The law of conservation of mass is a fundamental principle in the physical sciences asserting that mass is constant within a closed system. This means that for any chemical or physical change confined within an isolated environment, the total quantity of mass remains the same over time. The law implies that mass cannot be created or destroyed, even if the substance undergoes a transformation in its physical state or chemical form.
The Law’s Defining Principle and Origin
The concept gained formal scientific standing due to the meticulous work of French chemist Antoine Lavoisier in the late 18th century. Lavoisier is credited with popularizing the principle after conducting a series of quantitative experiments. His crucial experimental method involved carefully weighing reactants and products in sealed glass vessels, which ensured that no gases could escape or enter the system.
This careful approach allowed him to demonstrate conclusively that the total mass before a reaction was precisely equal to the total mass after the reaction. His findings effectively disproved the long-standing phlogiston theory, which incorrectly proposed that a substance lost an invisible element during combustion.
The underlying scientific explanation for this conservation is rooted in atomic theory, which posits that all substances are composed of atoms. Chemical processes involve only the rearrangement of these atoms into new combinations, rather than their creation or destruction. John Dalton’s atomic theory later reinforced this principle by asserting that atoms are indestructible during a chemical reaction, thereby fixing the total mass of the system.
Mass Conservation in Chemical Reactions
The most prominent scientific application of the conservation principle is in the study of chemical reactions, where it dictates the relationship between starting substances and resulting substances. The substances that enter the reaction are referred to as reactants, and the new substances formed by the transformation are called products. According to the law, the aggregate mass of all reactants must be exactly equal to the aggregate mass of all products.
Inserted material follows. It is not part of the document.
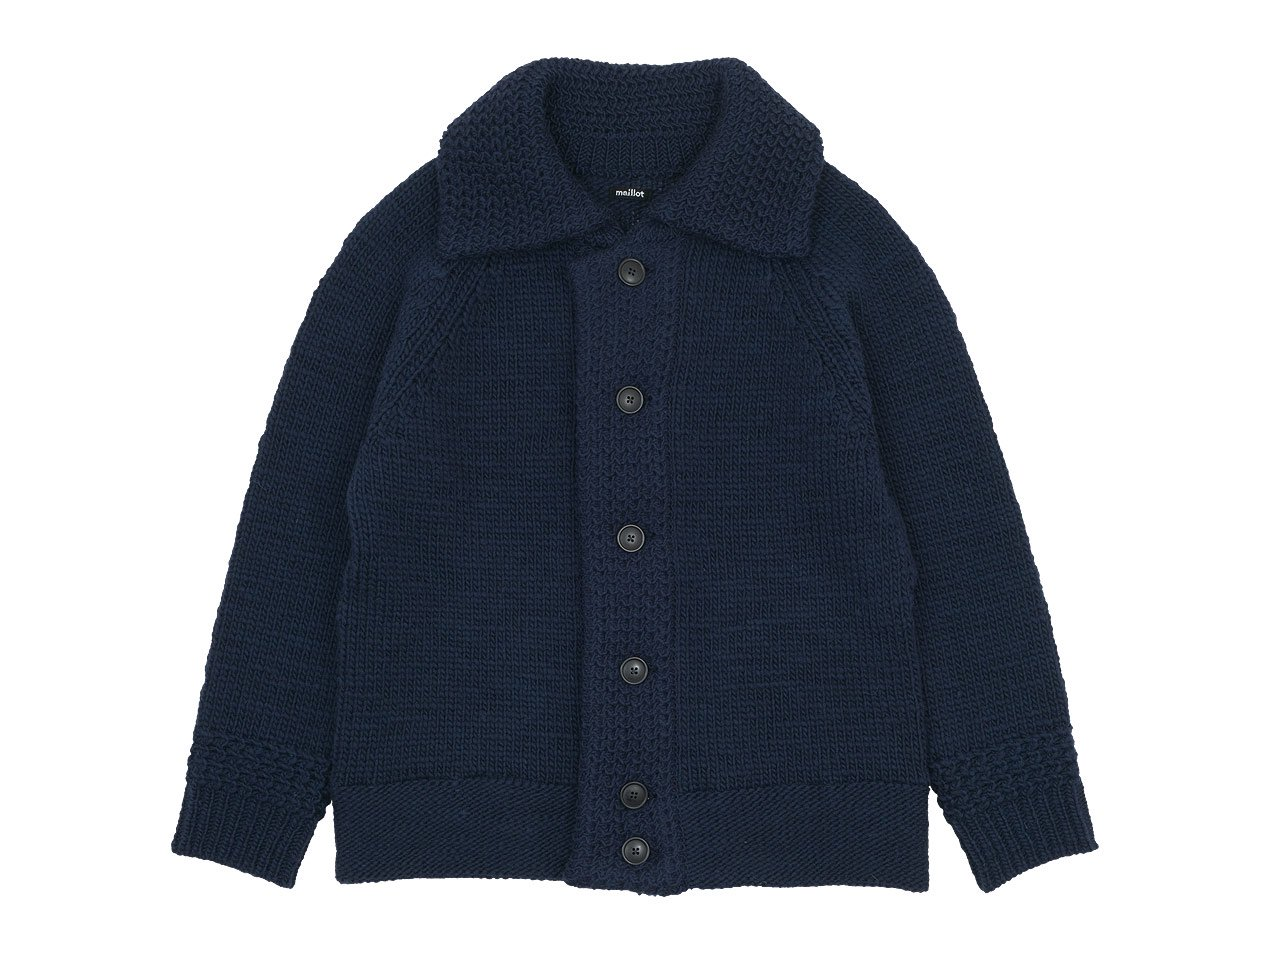 maillot mature hand frame fisherman jacket NAVY
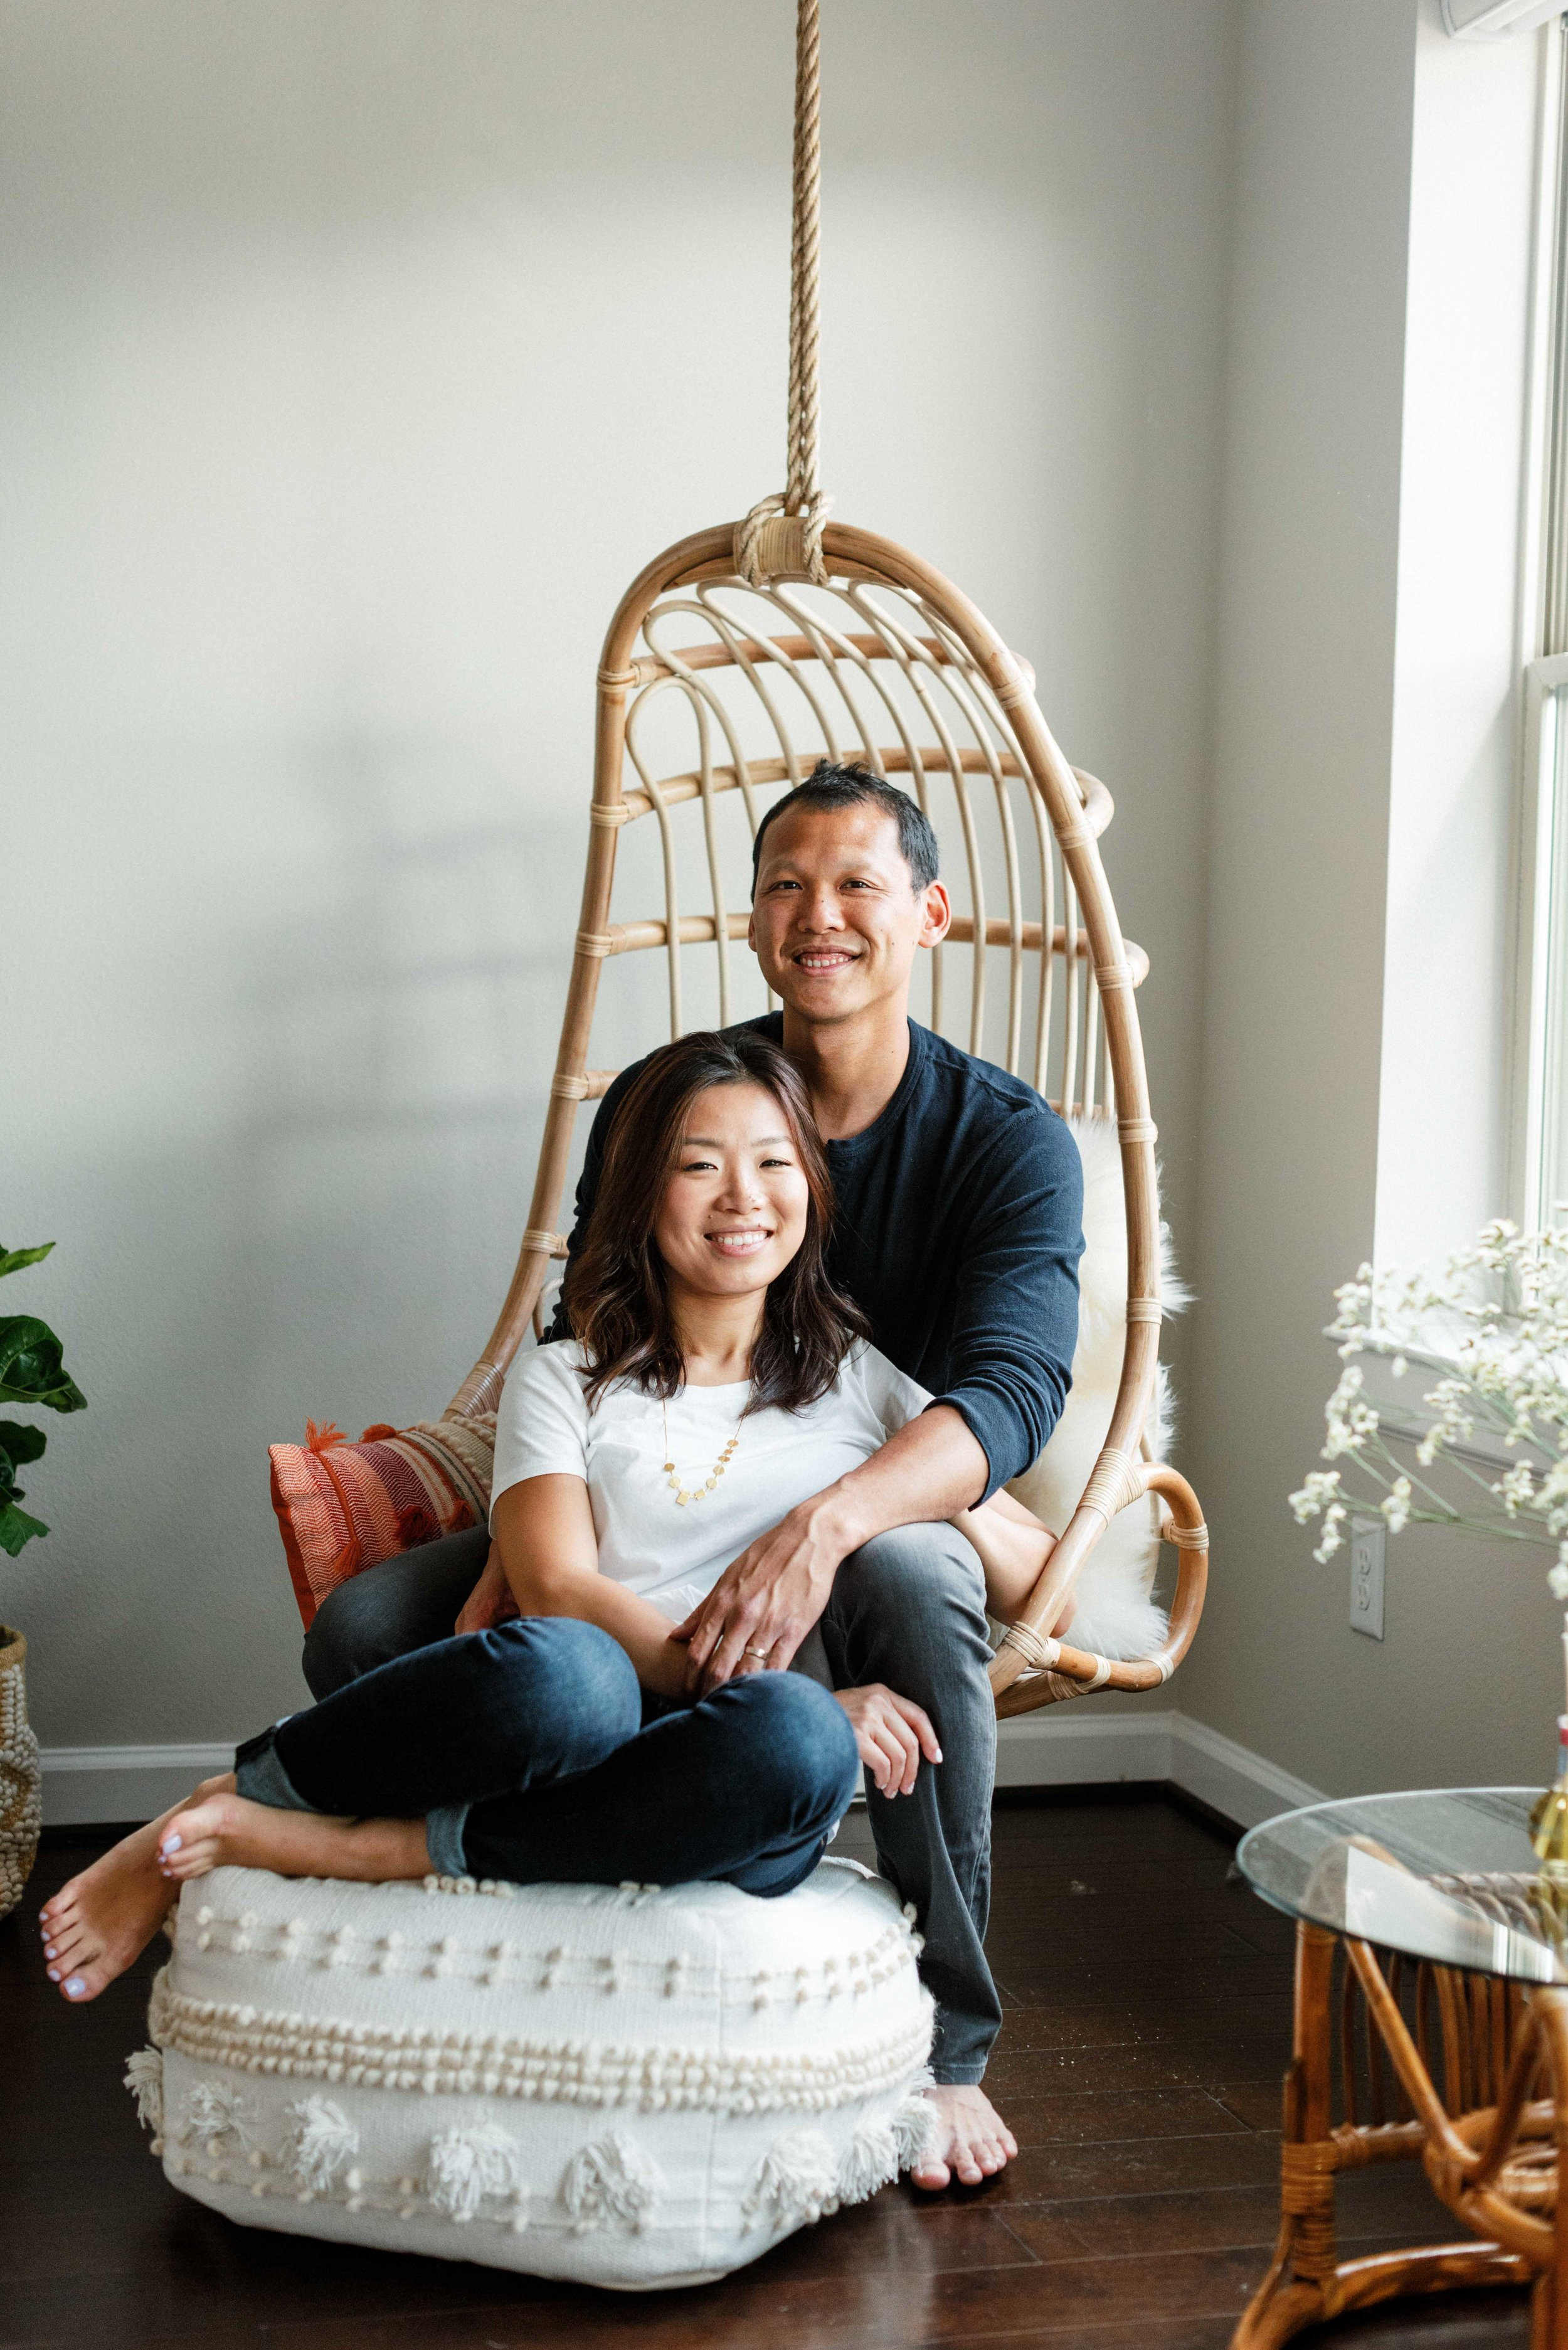 Houston-Fine-Art-Film-Destination-Wedding-Photographer-Top-Best-Luxury-Josh-Dana-Fernandez-Photographer-Austin-Texas-35.jpg

This foundational rule forms the basis of stoichiometry, which is the calculation of quantitative relationships between substances in a chemical reaction. Because atoms are simply rearranged, the total number of atoms for each element must remain constant throughout the entire reaction process. For this reason, all written chemical equations must be balanced, ensuring that the counts of every atomic species are identical on both sides of the equation.
Balancing a chemical equation means adjusting the coefficients (the numbers placed in front of the chemical formulas) so that the total mass is conserved. For instance, in the combustion of methane, the atoms on the reactant side must exactly match the atoms in the products formed. Although the atoms transform from methane and oxygen molecules into carbon dioxide and water molecules, their collective mass does not change.
If chemists know the precise mass of one substance involved in a reaction, they can use this law to calculate the exact mass of every other substance required or produced. This predictive capability provides the framework for quantitative analysis, allowing for the accurate prediction and measurement of chemical outputs.
Everyday Demonstrations of the Principle
The principle of mass conservation is observable in many everyday phenomena, particularly those involving a change in state or form. When a log burns in a campfire, it appears to lose mass as it reduces to a small pile of ash. This apparent loss is deceptive because the system is open, allowing gases to escape.
The original wood combines with oxygen from the air, converting the total mass of the wood and consumed oxygen into ash, carbon dioxide gas, and water vapor. For example, if a 300-kilogram tree yielded 10 kilograms of ash, the missing 290 kilograms were released into the atmosphere as smoke and gases. The mass of the original tree plus the mass of the oxygen used equals the mass of the ash plus the mass of the released gases, demonstrating that the total mass is accounted for.
A simpler demonstration involves a physical change, such as the freezing of water. If a given quantity of liquid water is weighed and then allowed to freeze into a solid block of ice, the mass of the ice will be identical to the mass of the liquid water. The substance changes its physical state, but no mass is created or destroyed in the process.